A garniture is a number or collection of any matching, but usually not identical, decorative objects intended to be displayed together. Frequently made of metal, ormolu, often with gilded wood stands, porcelain (both European and Asian), garnitures became popular during the latter half of the 17th century and remained in vogue throughout the 19th century. A very common placement is on the mantelpiece over a fireplace, but garnitures were very often placed on various pieces of furniture, and on ledges or niches around the walls of a room, especially over doors or above fireplaces. Garnitures may contain pieces made together with a view to being used as a set, or may be "assembled" by the decorator from pieces of different origin.
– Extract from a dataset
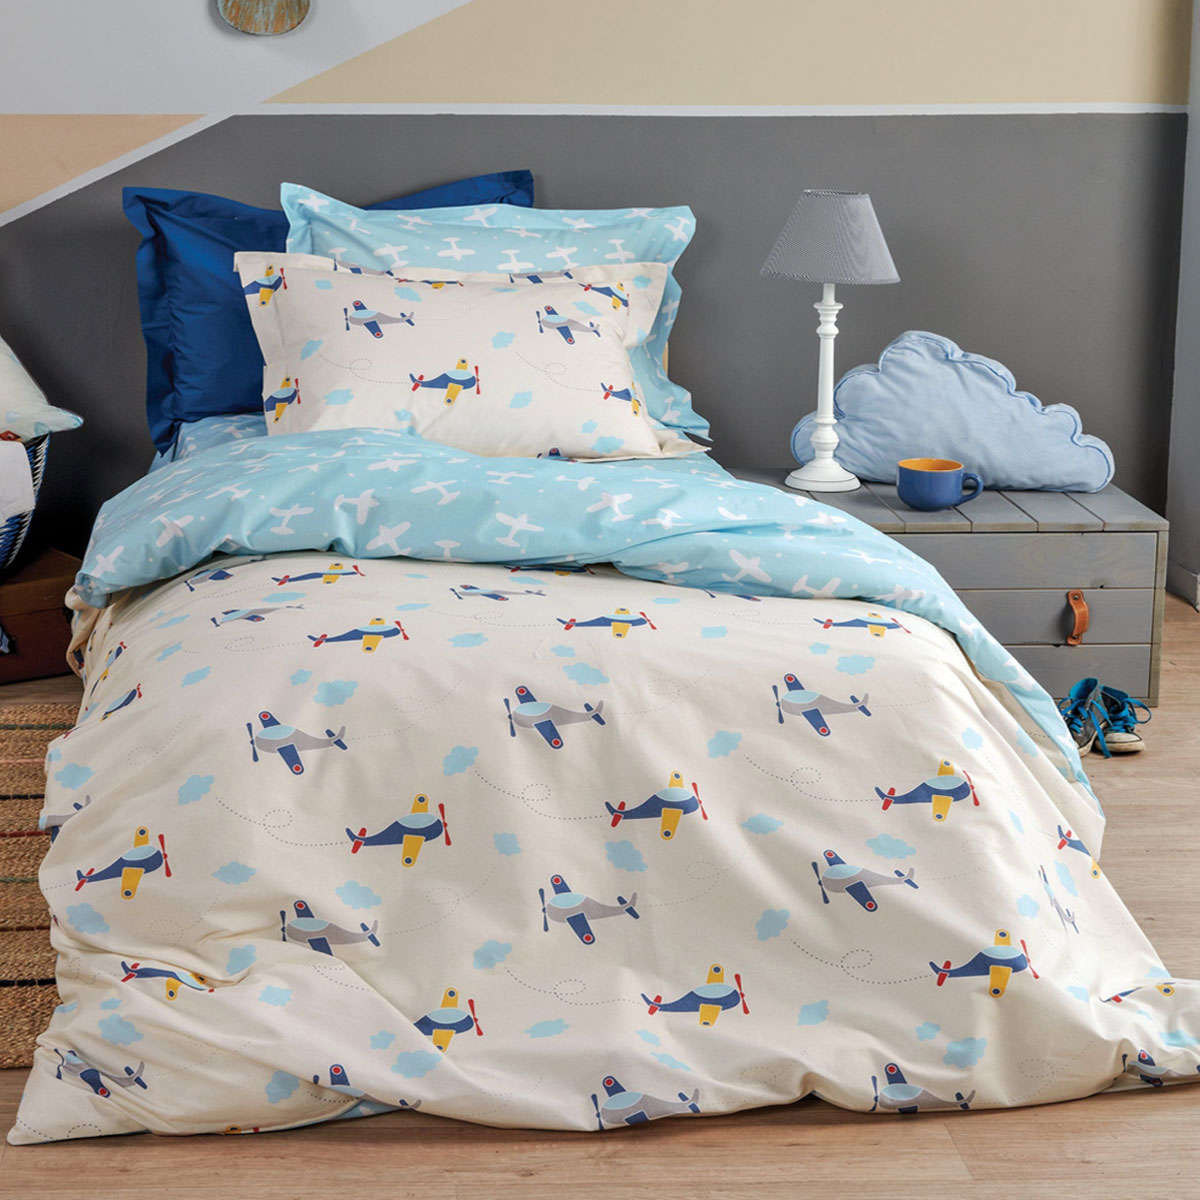 Παιδική Μαξιλαροθήκη Wings A Blue Kentia 50Χ70 50x70cm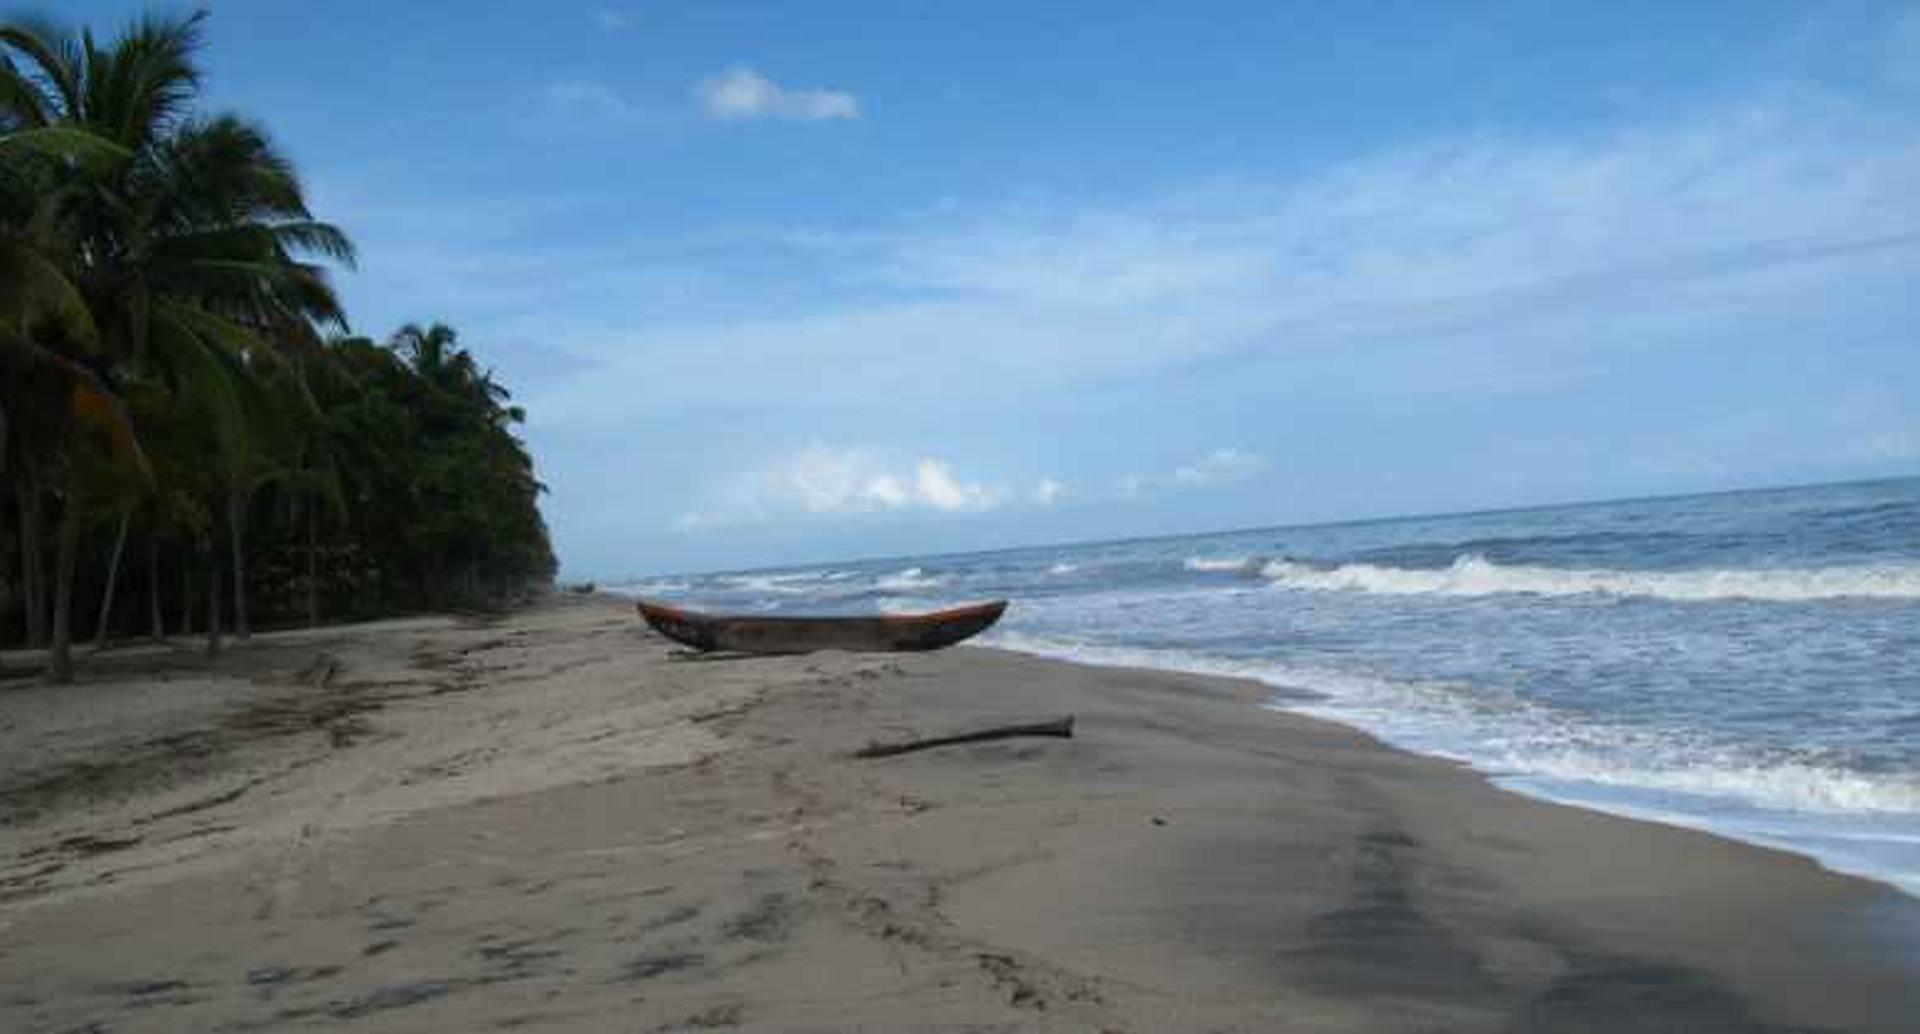 Palomino: Es una playa en la costa del Caribe, al pie de las montañas de Sierra Nevada en el departamento de La Guajira. Allí se puede disfrutar de la playa, caminar por las montañas y visitar a la comunidad indígena Kogi.

Most commonly a garniture is a collection of three matching pieces designed for the adornment of a mantlepiece; for example: a clock and two flanking vases or candelabra. Often a large central piece is flanked by pairs of smaller ones. Factory records show that some examples of the Sèvres pot-pourri vase in the shape of a ship were bought as garnitures with other smaller shapes decorated in the same colours (which varied greatly between individual examples). Madame de Pompadour bought one with two pairs of vases, and another buyer a garniture with one pair of the elephant-headed vases. A garniture can also refer to almost any set that might be displayed together. One example is a collection of figurines, candlesticks or epergnes designed to adorn a surtout de table.

Other uses of the word include a matching array of plate armour and its accessories, often with different types of the same pieces for different occasions, known as "pieces of exchange", sets of weapons with their fittings, and in French restaurant terminology, the "trimmings" or garnish around the main element of a dish. In French the range of meanings is even wider.